When we add a coarse drainage layer under our soil, it does not improve drainage. It does though, conserve on the volume of soil required to fill a pot and it makes the pot lighter. When we employ this exercise in an attempt to improve drainage, what we are actually doing is moving the level of the PWT higher in the pot. This simply reduces the volume of soil available for roots to colonize. Containers with uniform soil particle size from top of container to bottom will yield better and more uniform drainage and have a lower PWT than containers with drainage layers. The coarser the drainage layer, the more detrimental to drainage it is because water is more (for lack of a better scientific word) reluctant to make the downward transition because the capillary pull of the soil above the drainage layer is stronger than the GFP. The reason for this is there is far more surface area for water to be attracted to in the soil above the drainage layer than there is in the drainage layer, so the water "perches".

I know this goes against what most have thought to be true, but the principle is scientifically sound, and experiments have shown it as so. Many nurserymen are now employing the pot-in-pot or the pot-in-trench method of growing to capitalize on the science.

If you discover you need to increase drainage, you can simply insert an absorbent wick into a drainage hole & allow it to extend from the saturated soil to a few inches below the bottom of the pot, or allow it to contact soil below the container where it can be absorbed. This will successfully eliminate the PWT & give your plants much more soil to grow in as well as allow more, much needed air to the roots.

Uniform size particles of fir, hemlock or pine bark are excellent as the primary component of your soils. The lignin contained in bark keeps it rigid and the rigidity provides air-holding pockets in the root zone far longer than peat or compost mixes that too quickly break down to a soup-like consistency. Conifer bark also contains suberin, a lipid sometimes referred to as nature’s preservative. Suberin is what slows the decomposition of bark-based soils. It contains highly varied hydrocarbon chains and the microorganisms that turn peat to soup have great difficulty cleaving these chains.

In simple terms: Plants that expire because of drainage problems either die of thirst because the roots have rotted and can no longer take up water, or they starve/"suffocate" because there is insufficient air at the root zone to insure normal water/nutrient uptake and root function.

To confirm the existence of the PWT and the effectiveness of using a wick to remove it, try this experiment: Fill a soft drink cup nearly full of garden soil. Add enough water to fill to the top, being sure all soil is saturated.
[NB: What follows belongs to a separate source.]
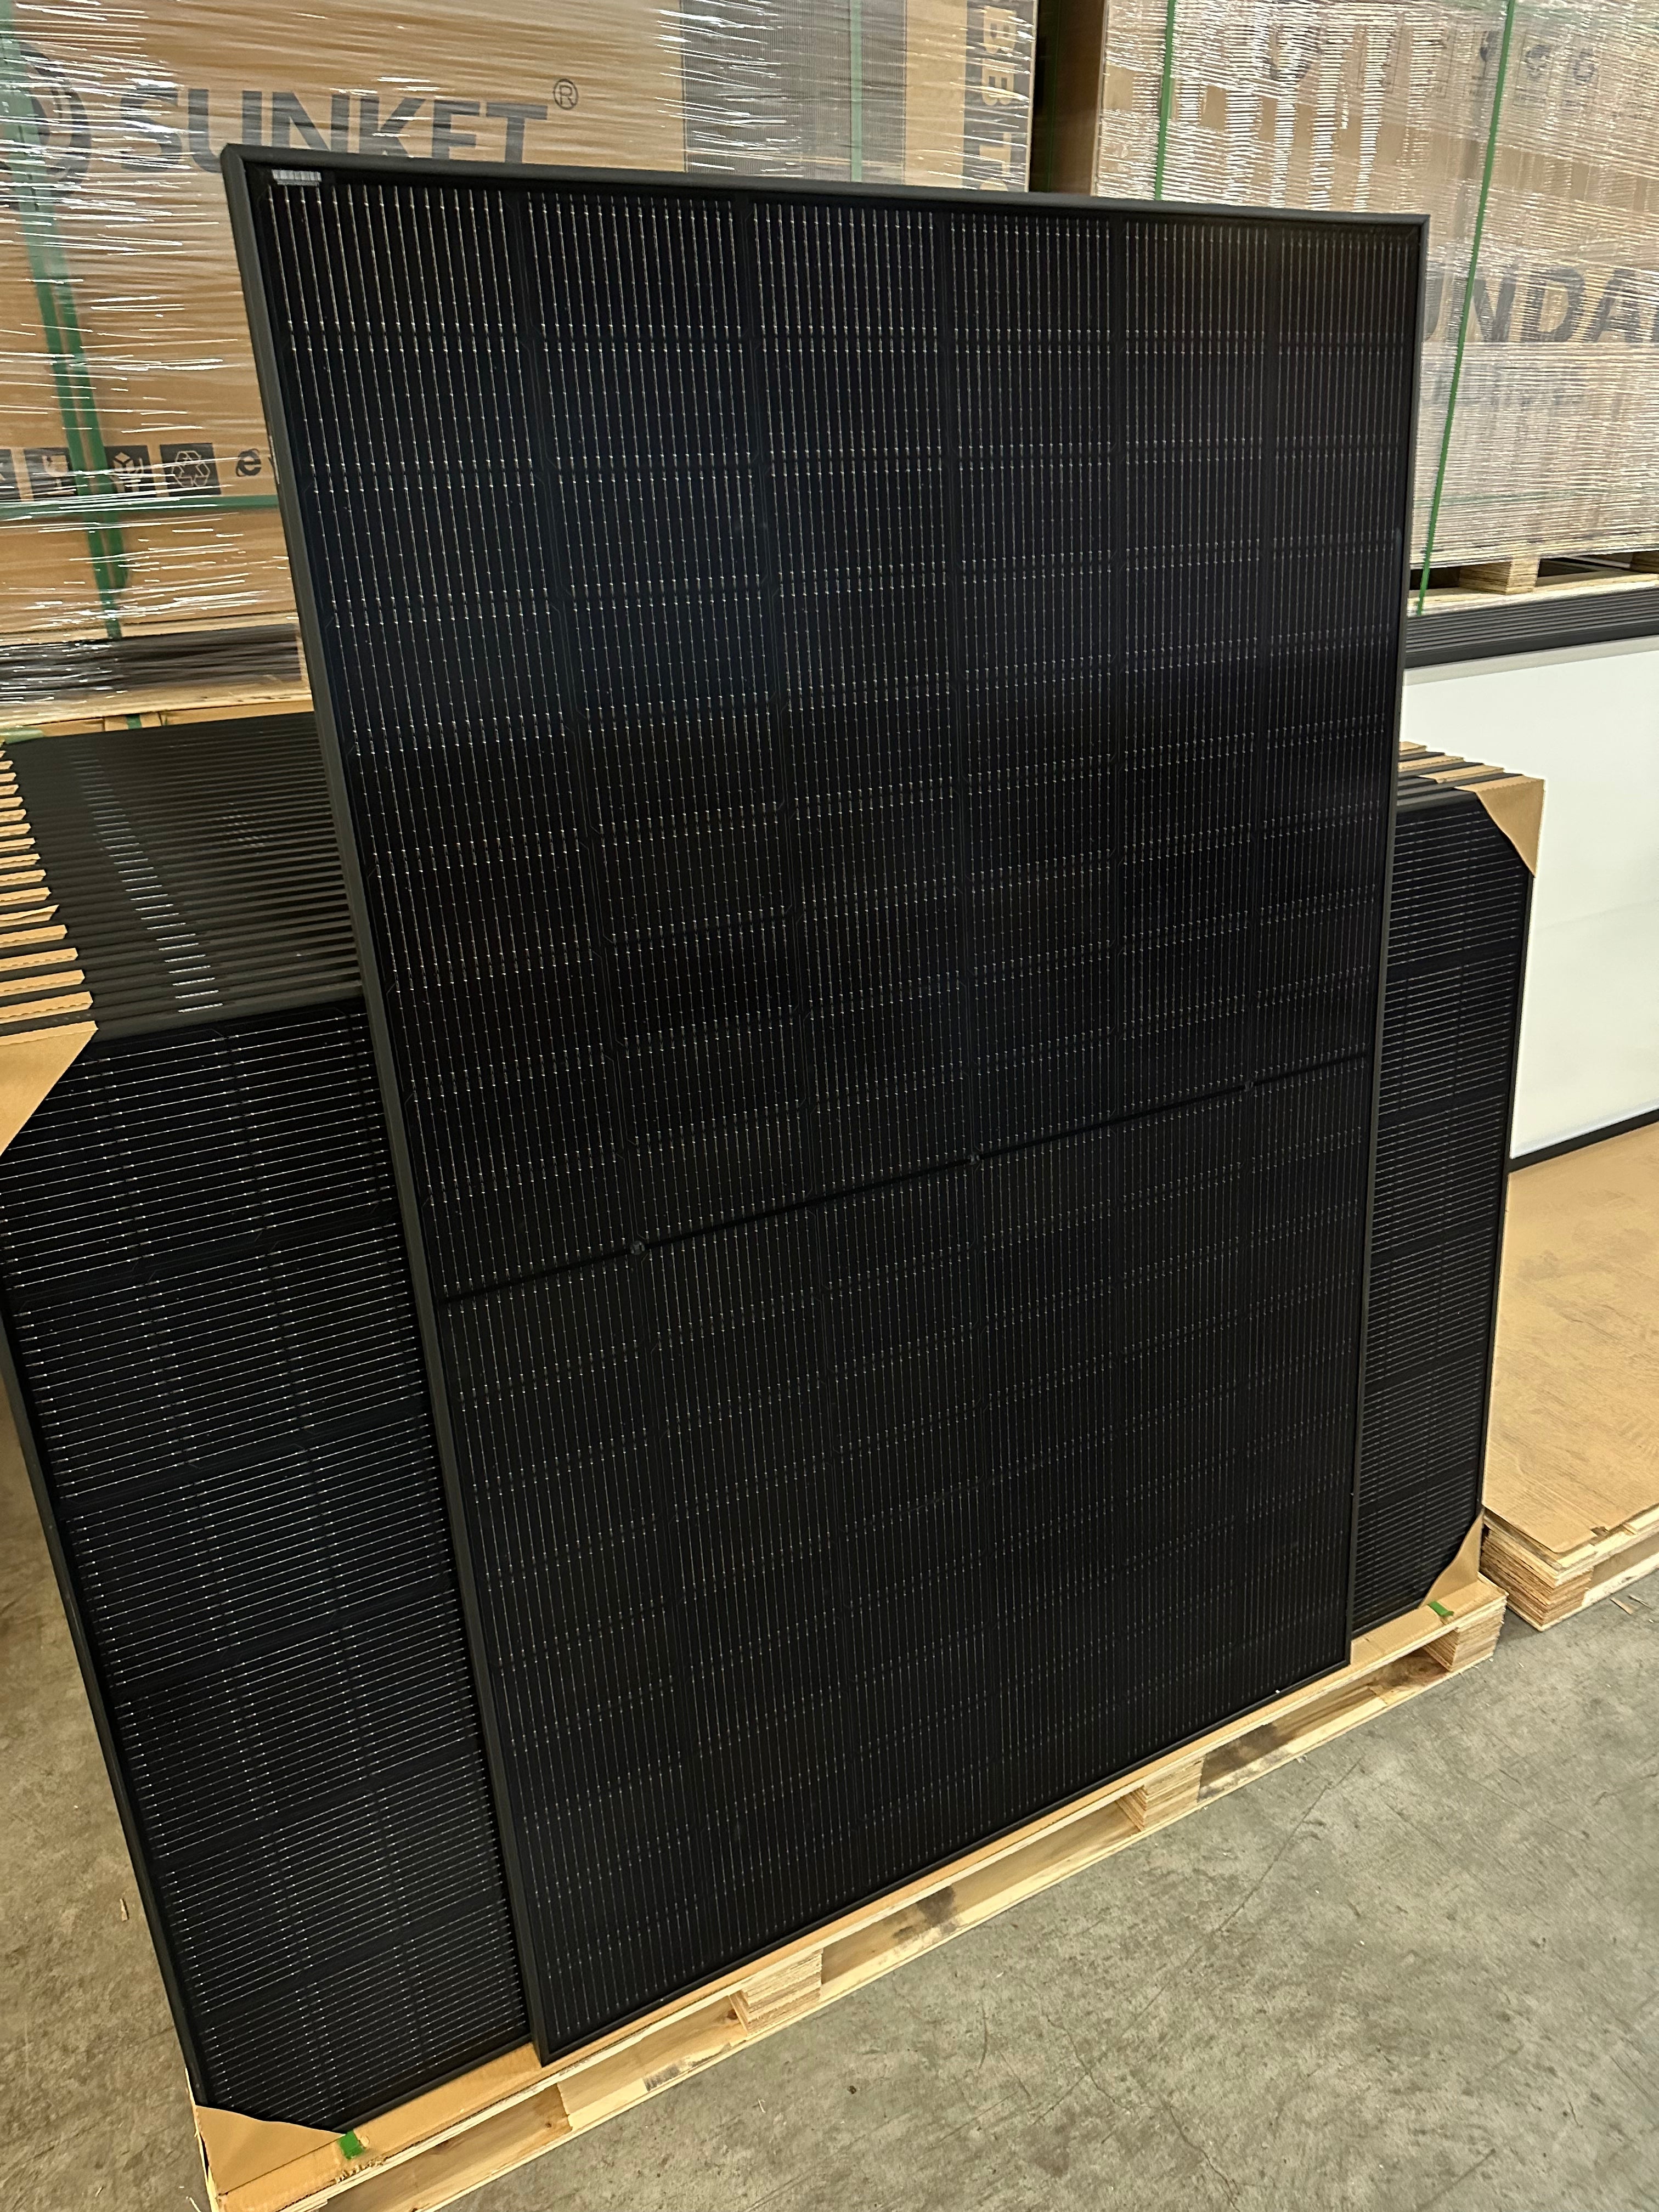 430W SUNKET TOPCon bifacial N-type solar modules 1722x1134x30 photovoltaic solar panel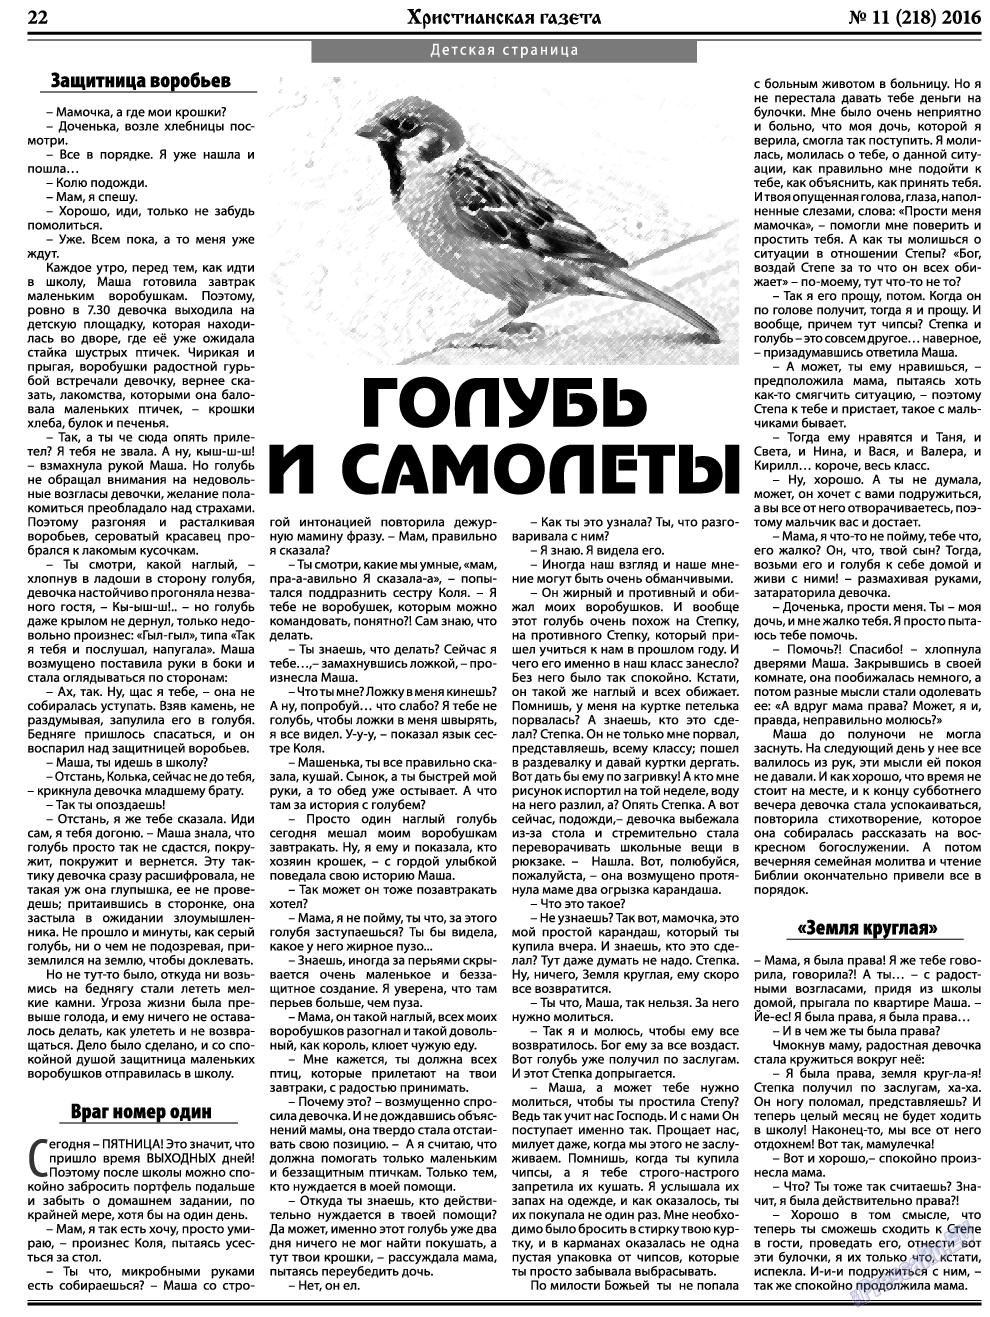 Христианская газета, газета. 2016 №11 стр.30

Punch a drain hole in the bottom of the cup & allow to drain. When the drainage stops, insert a wick into the drain hole . Take note of how much additional water drains. Even touching the soil with a toothpick through the drain hole will cause substantial additional water to drain. This is water that occupied the PWT before being drained by the wick. A greatly simplified explanation of what occurs is: The wick "fools" the water into thinking the pot is deeper, so water begins to move downward seeking the "new" bottom of the pot, pulling the rest of the water in the PWT along with it. If there is interest, there are other simple and interesting experiments you can perform to confirm the existence of a PWT in container soils. I can expand later.

I remain cognizant of these physical principles whenever I build a soil. I haven’t used a commercially prepared soil in many years, preferring to build a soil or amend one of my 2 basic mixes to suits individual plantings. I use many amendments when building my soils, but the basic building process starts with conifer bark and perlite. Sphagnum peat usually plays a minor, or at least a secondary role in my container soils because it breaks down too quickly and when it does, it impedes drainage and reduces aeration.

 

[secondtry]

hey,

I'm going to try 1" of perlite/charcoal in the bottom. It can't hurt?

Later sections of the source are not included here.